# Records for the exercise
BEGIN

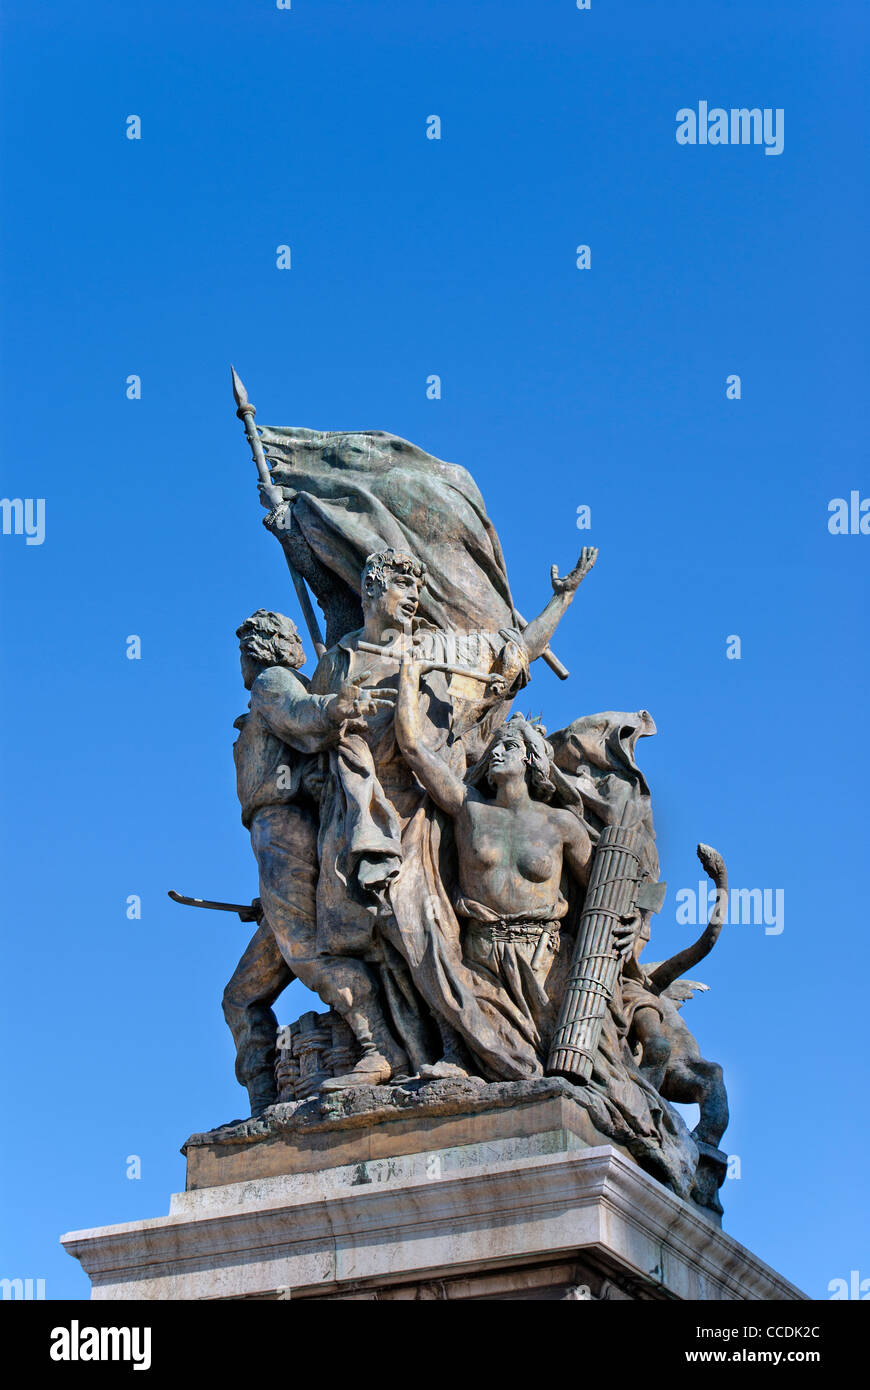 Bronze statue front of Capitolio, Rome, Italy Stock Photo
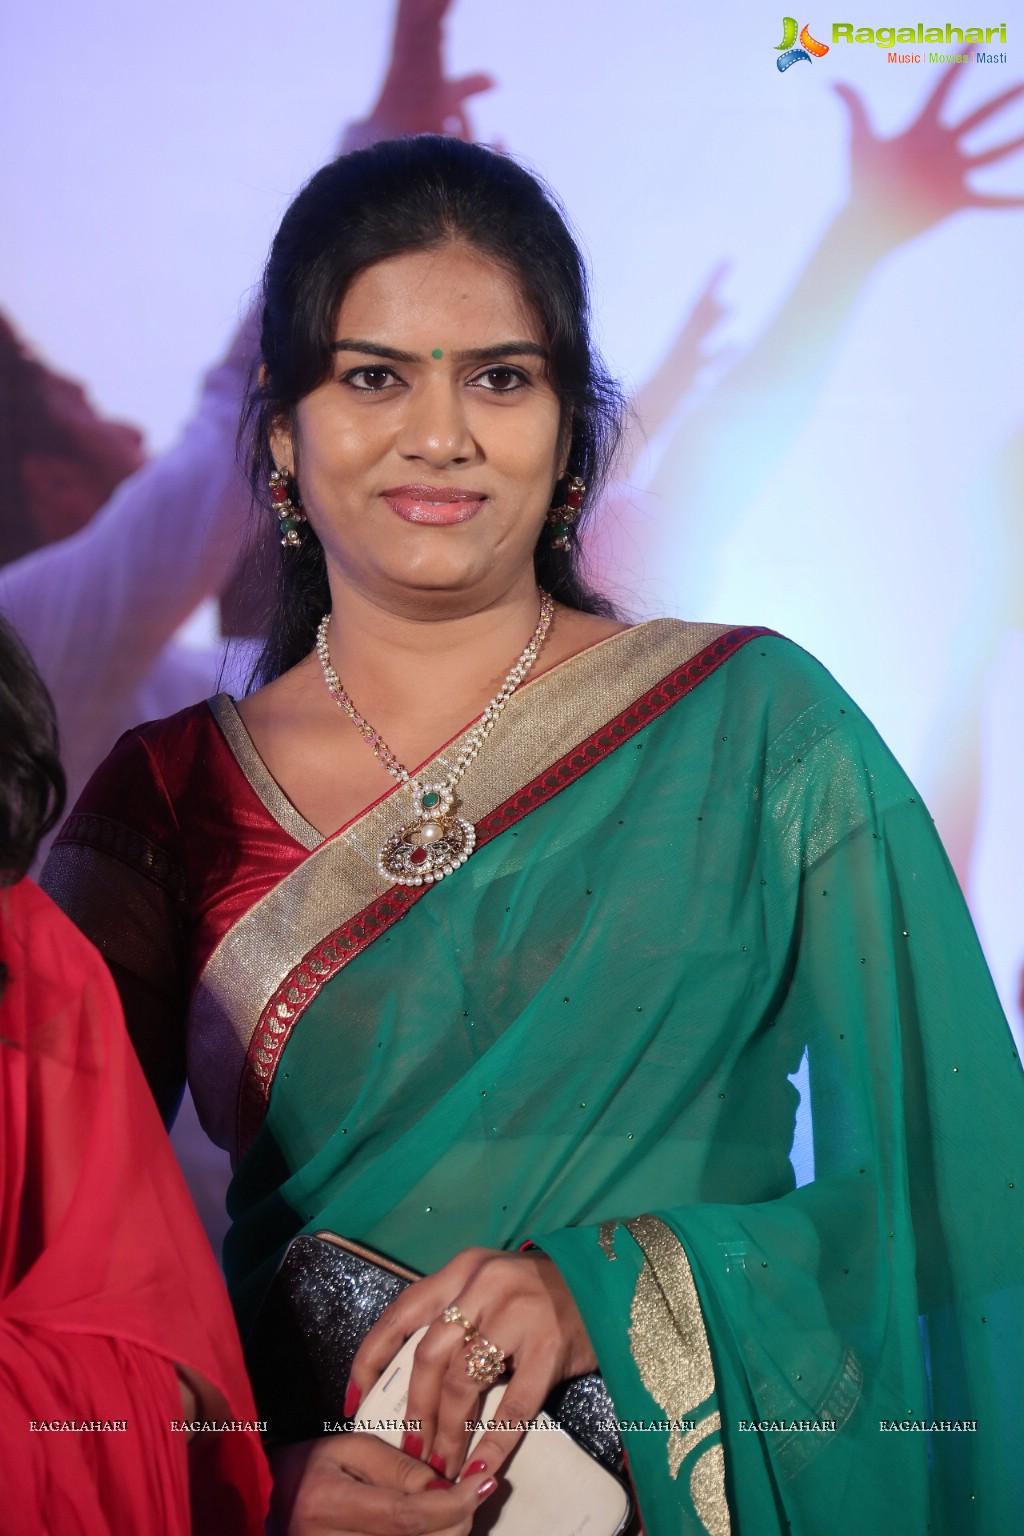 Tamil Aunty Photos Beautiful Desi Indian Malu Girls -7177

END
BEGIN

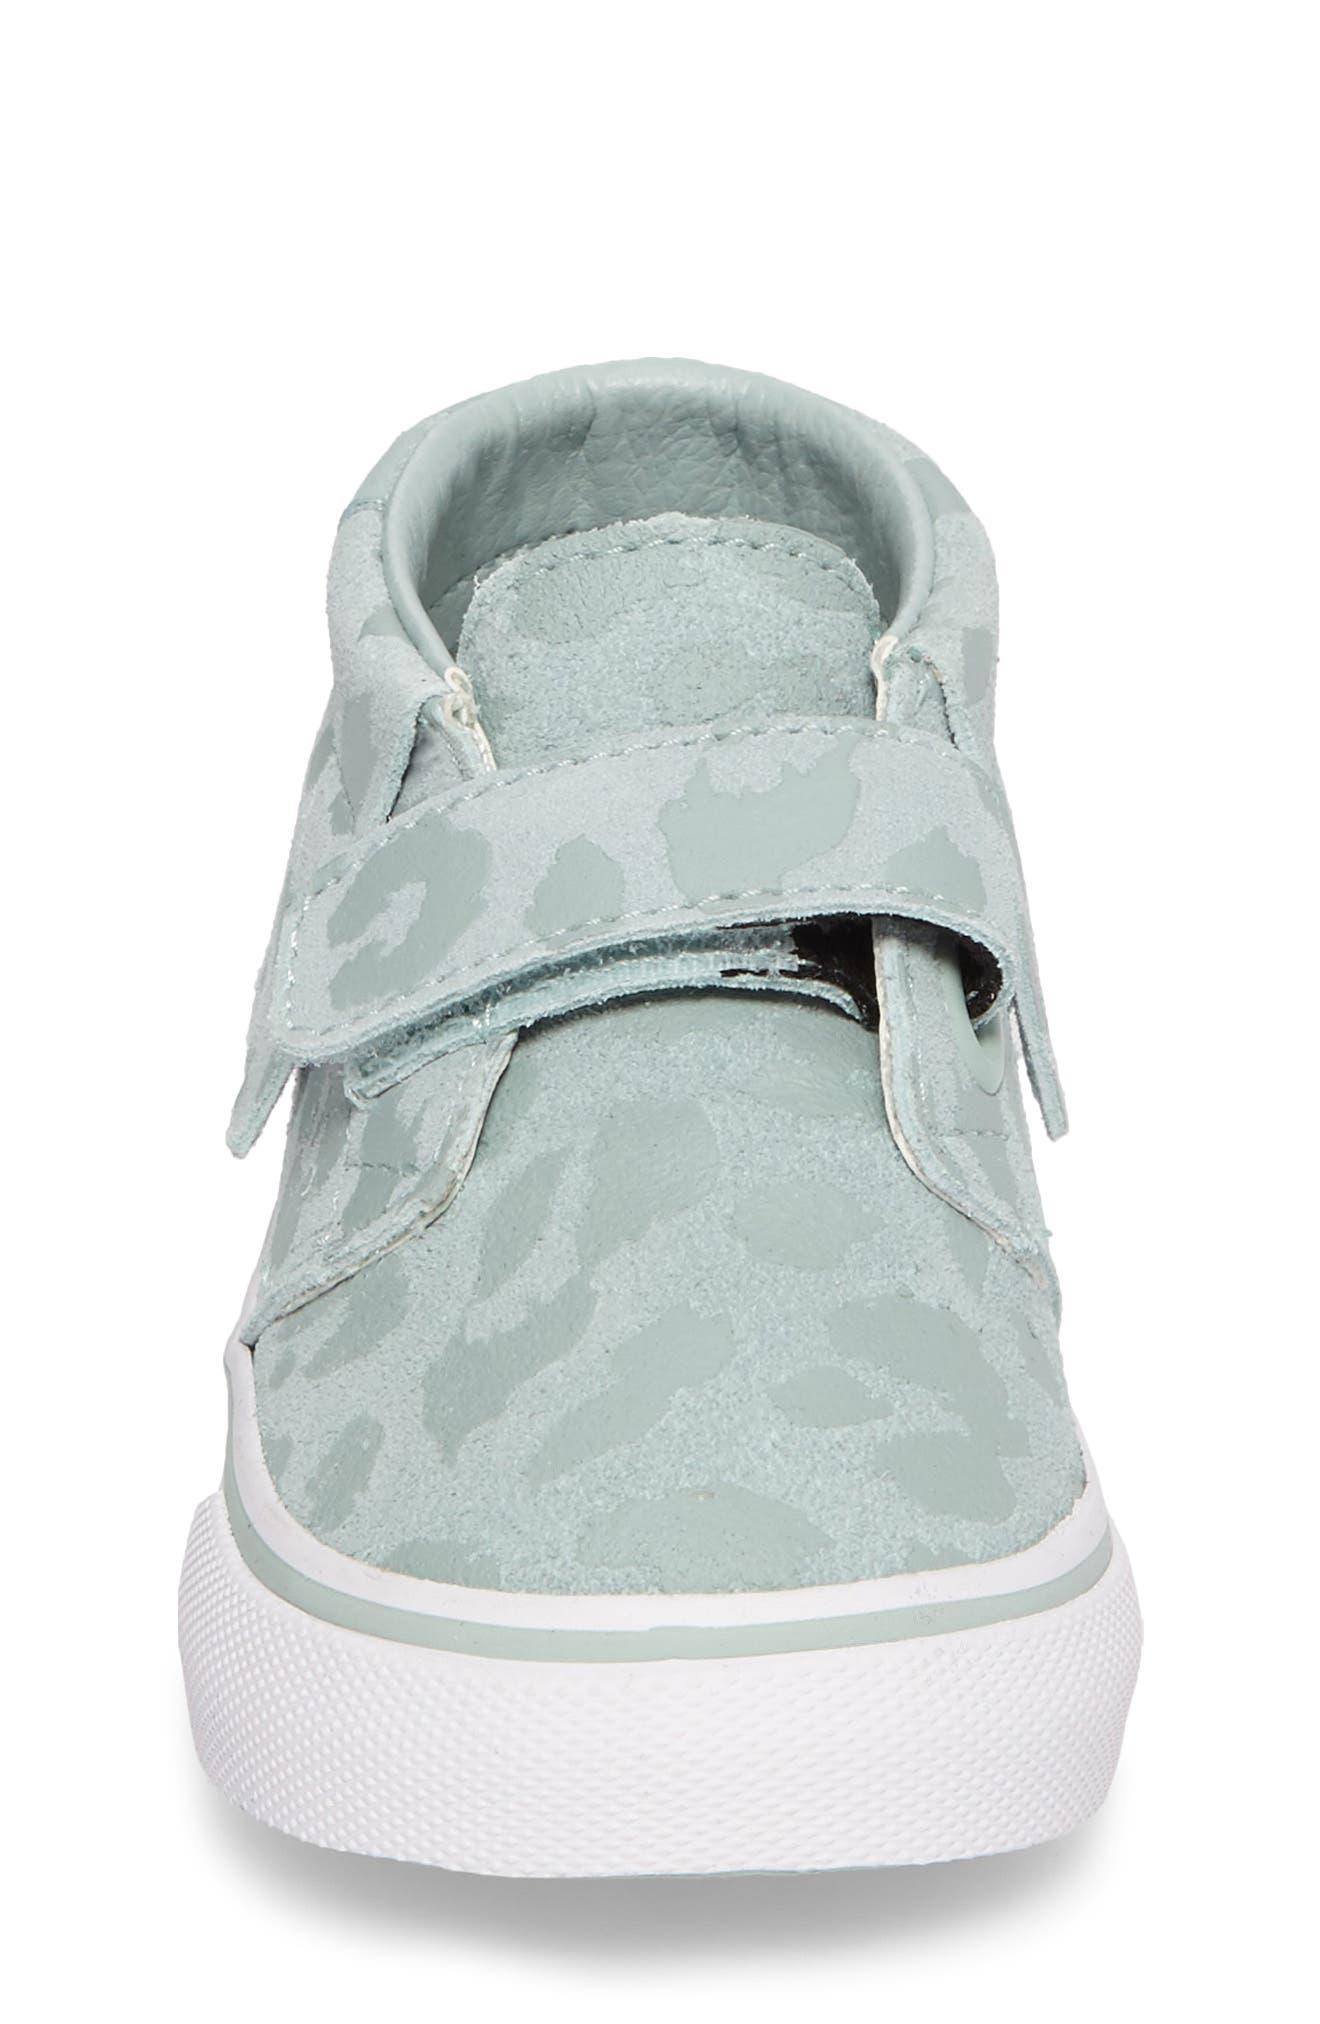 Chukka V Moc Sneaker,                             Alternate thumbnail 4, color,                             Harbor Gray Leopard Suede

END

Having found the line with "Bronze statue front" and the line with "Tamil Aunty Photos" in the material above, write out exactly those two and every line between, leaving the pictures out.

# Answer
 Bronze statue front of Capitolio, Rome, Italy Stock Photo
 Tamil Aunty Photos Beautiful Desi Indian Malu Girls -7177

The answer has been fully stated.